Researchers from the universities of Sussex and Bristol have developed a new material that bends, shapes and focuses sound waves that pass through it.

The so-called "super-material" is the latest addition to metamaterials—a new class of finely-engineered surfaces that can be used to manipulate our physical reality. These materials have already shown remarkable results with light manipulation, allowing scientists to create a real-life version of an invisibility cloak that captures lightwaves, for example.

This time, the Sussex and Bristol team have shown that metamaterials also work with sound waves, which could transform medical imaging and personal audio.

“Our metamaterial bricks can be 3D printed and then assembled together to form any sound field you can imagine. We also showed how this can be achieved with only a small number of different bricks. You can think of a box of our metamaterial bricks as a do-it-yourself acoustics kit," said Dr.
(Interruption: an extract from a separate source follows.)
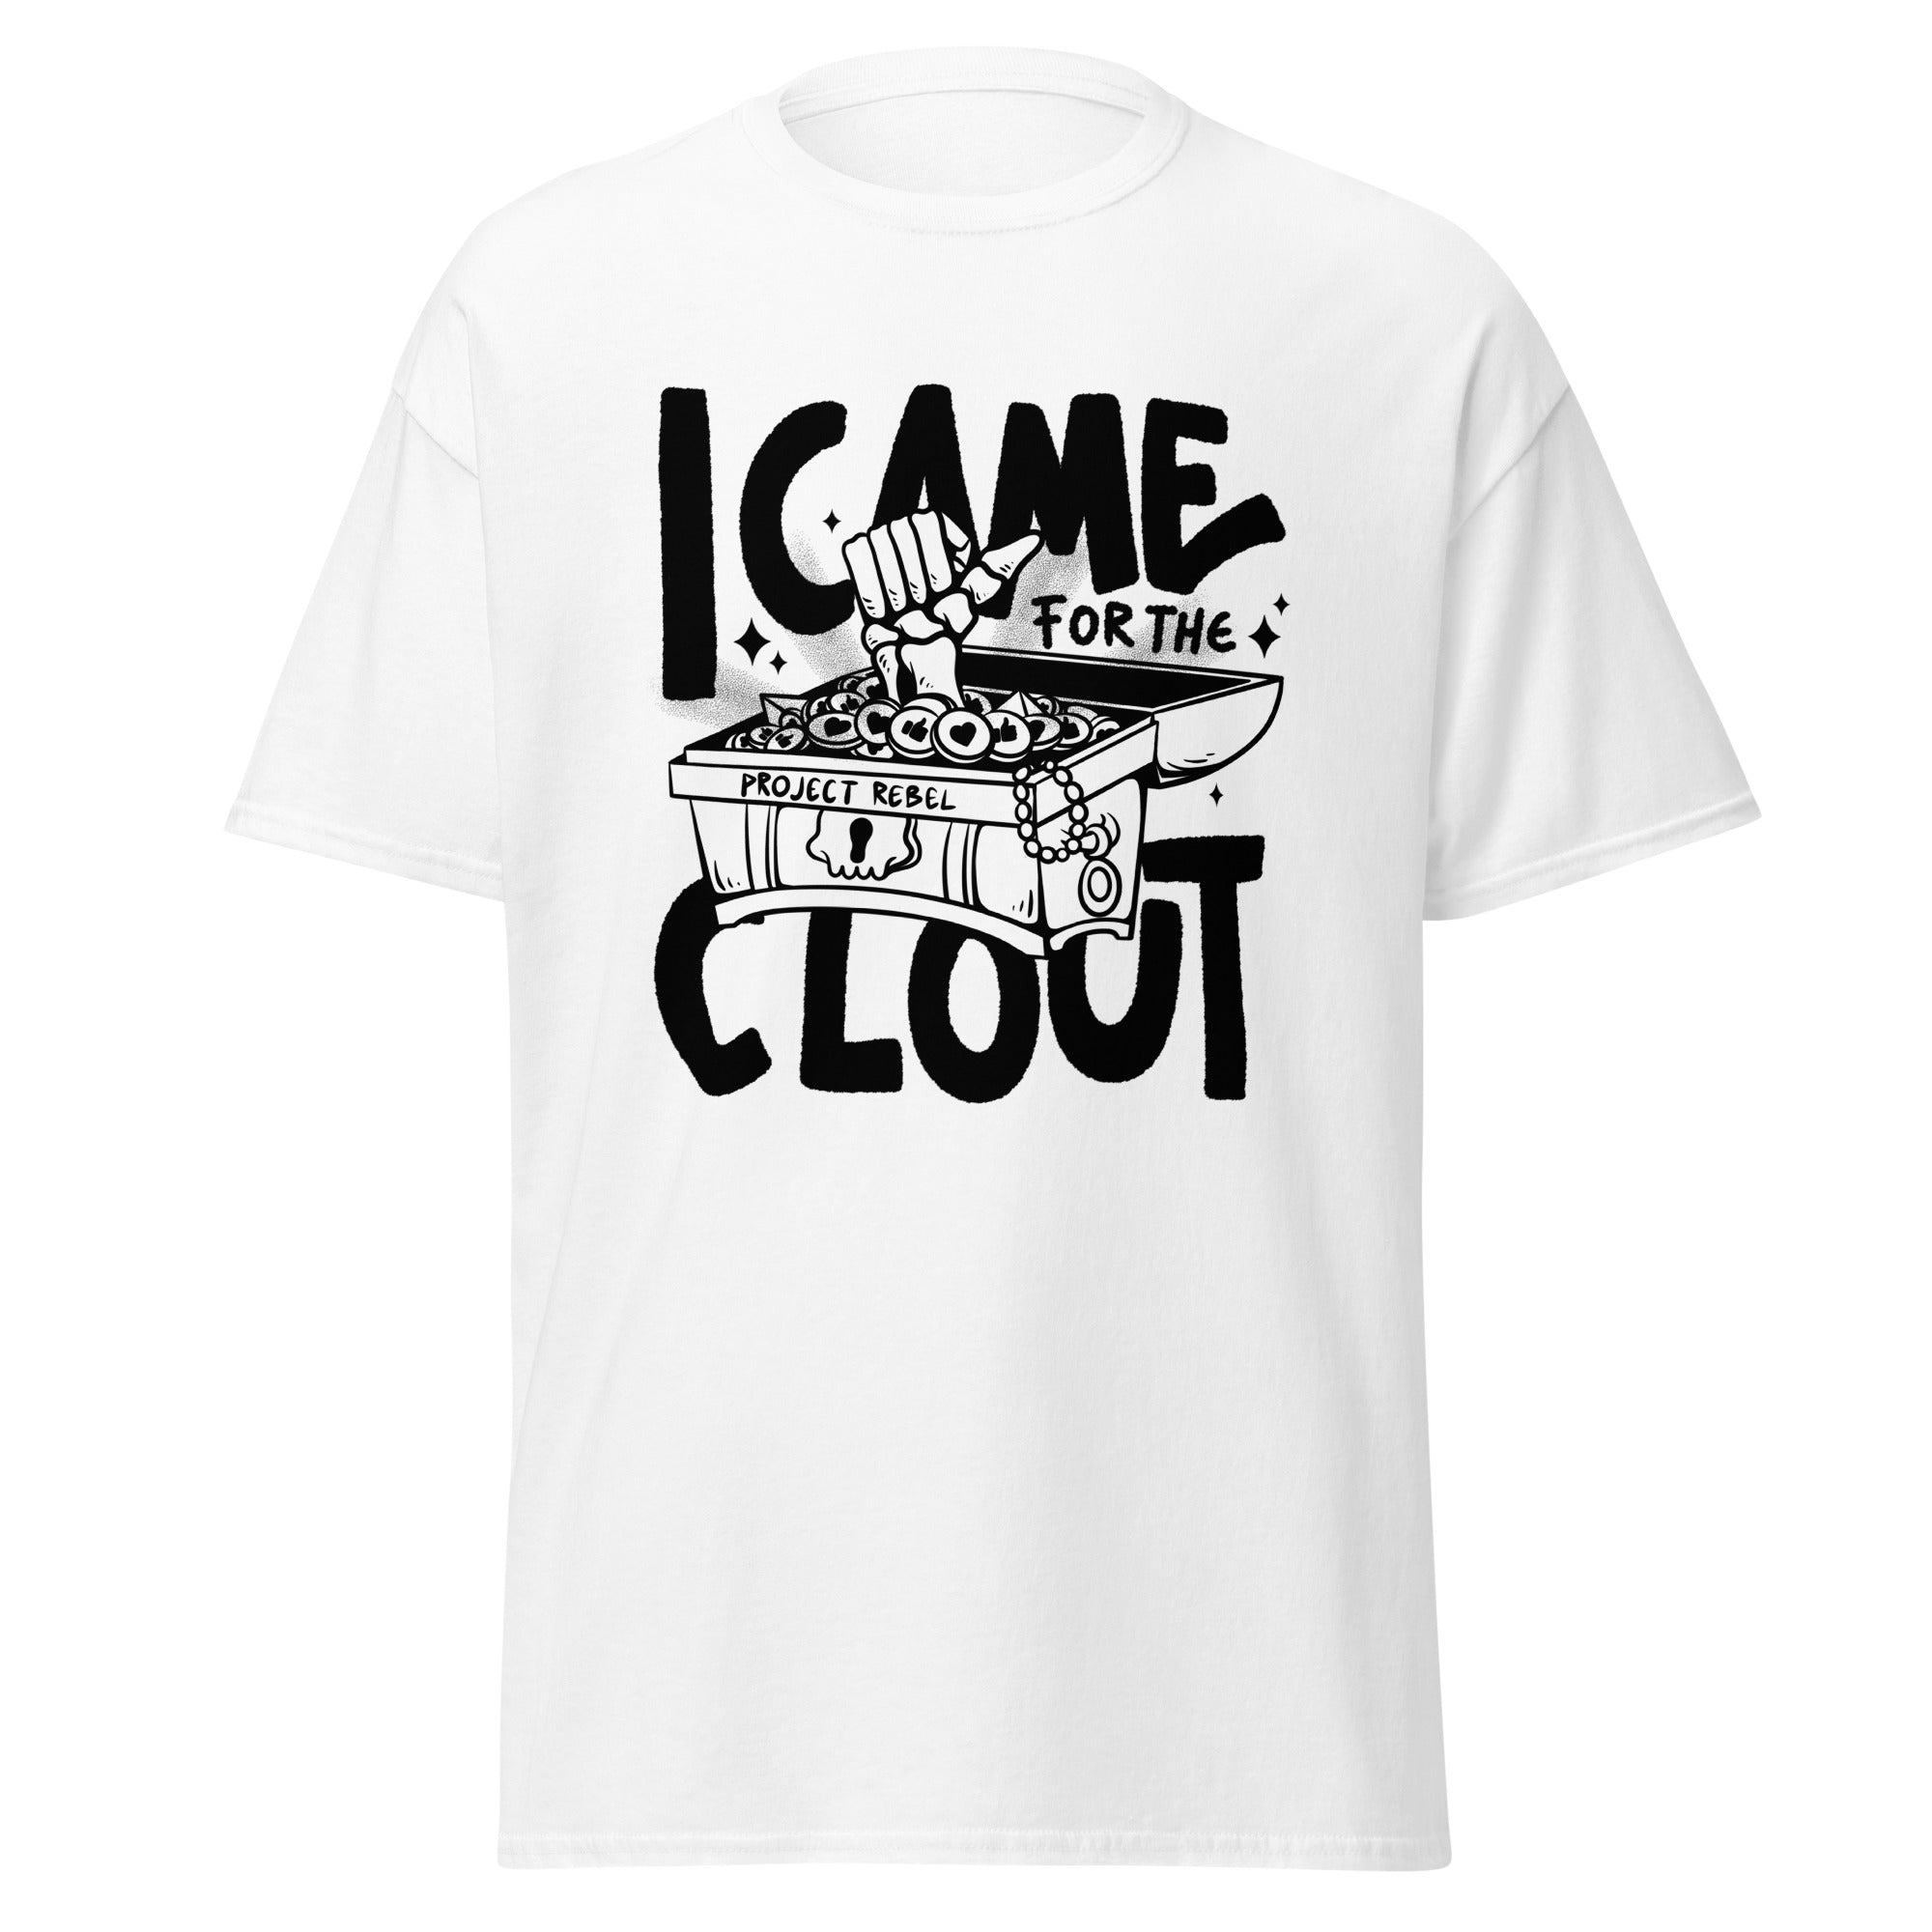 For the Clout T-Shirt - ProjectRebelClothing

Gianluca Memoli, from the Interact Lab at the University of Sussex who led the study."

Finely shaped sound fields are used in medical imaging and therapy as well as in a wide range of consumer products such as audio spotlights and ultrasonic haptics. The research, published in Nature Communications, shows a simple and cheap way of creating these shaped sound waves using acoustic metamaterials.
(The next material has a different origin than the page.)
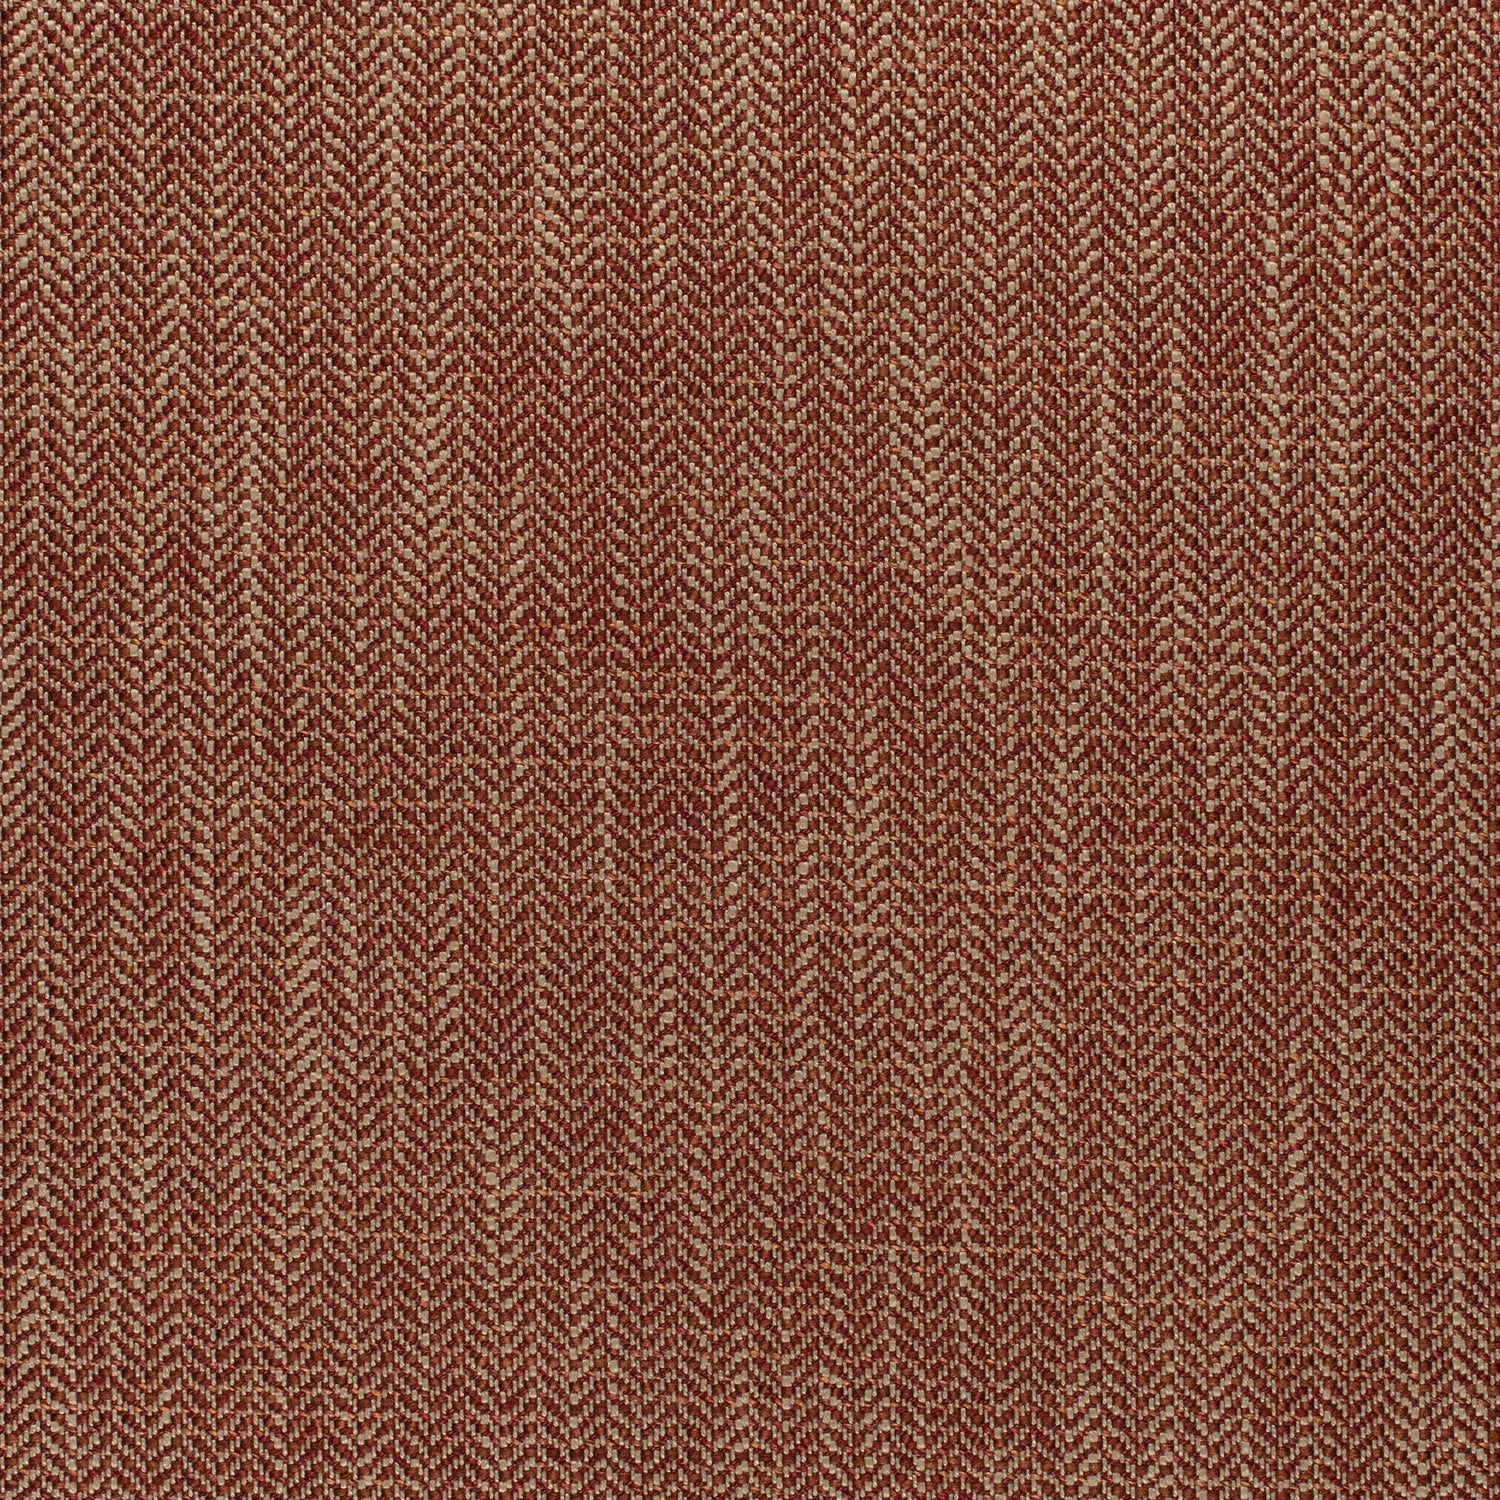 Ashbourne Tweed fabric in russet color - pattern number W80616 - by Thibaut in the Pinnacle collection

The collaborative research team assembled a metamaterial layer out of lots of small bricks that each coil up space. The space coiling bricks act to slow down the sound meaning that incoming sound waves can be transformed into any required sound field.

The new metamaterial layers could be used in many applications. Large versions could be used to direct or focus sound to a particular location and form an audio hotspot. Much smaller versions could be used to focus high intensity ultrasound to destroy tumours deep within the body. Here, a metamaterial layer could be tailor-made to fit the body of a patient and tuned to focus the ultrasound waves where they are needed most. In both cases the layer could be fitted to existing loudspeaker technology and be made rapidly and cheaply.
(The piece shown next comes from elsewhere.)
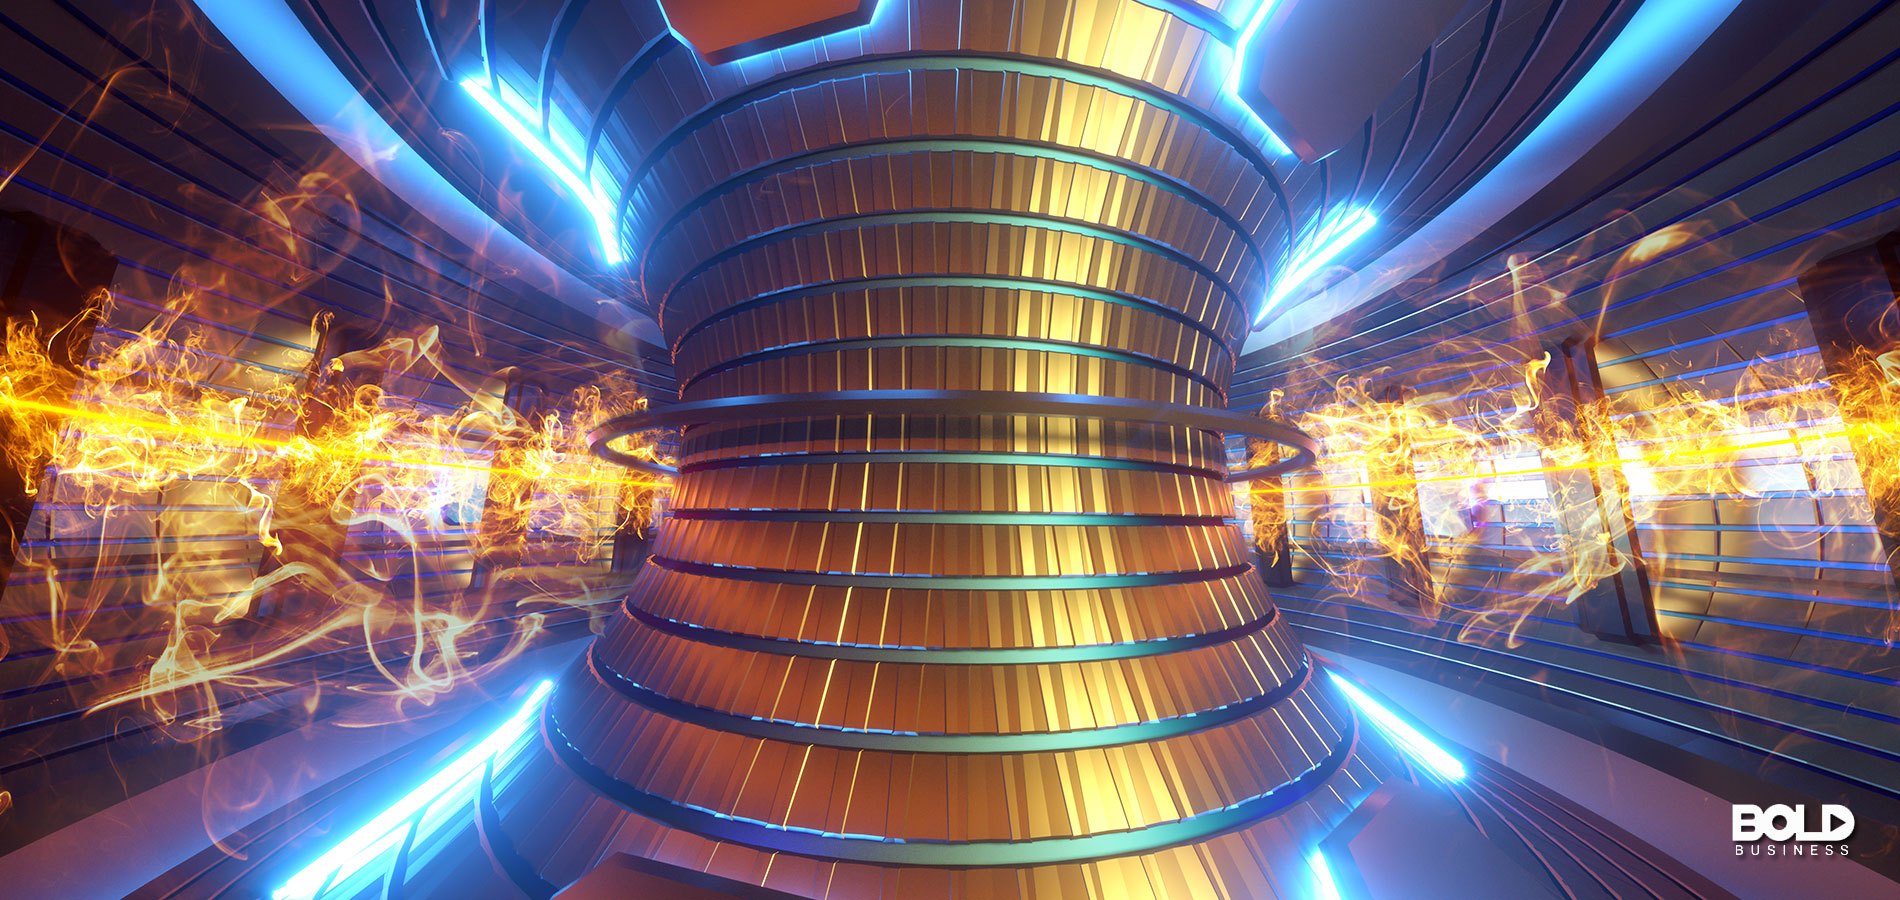 The inside of a nuclear reactor is hot

“We want to create acoustic devices that manipulate sound with the same ease and flexibility with which LCDs and projectors do to light. Our research opens the door to new acoustic devices combining diffraction, scattering and refraction, and enables the future development of fully digital spatial sound modulators, which can be controlled in real time with minimal resources," said Professor Sriram Subramanian, head of the Interact Lab at the University of Sussex.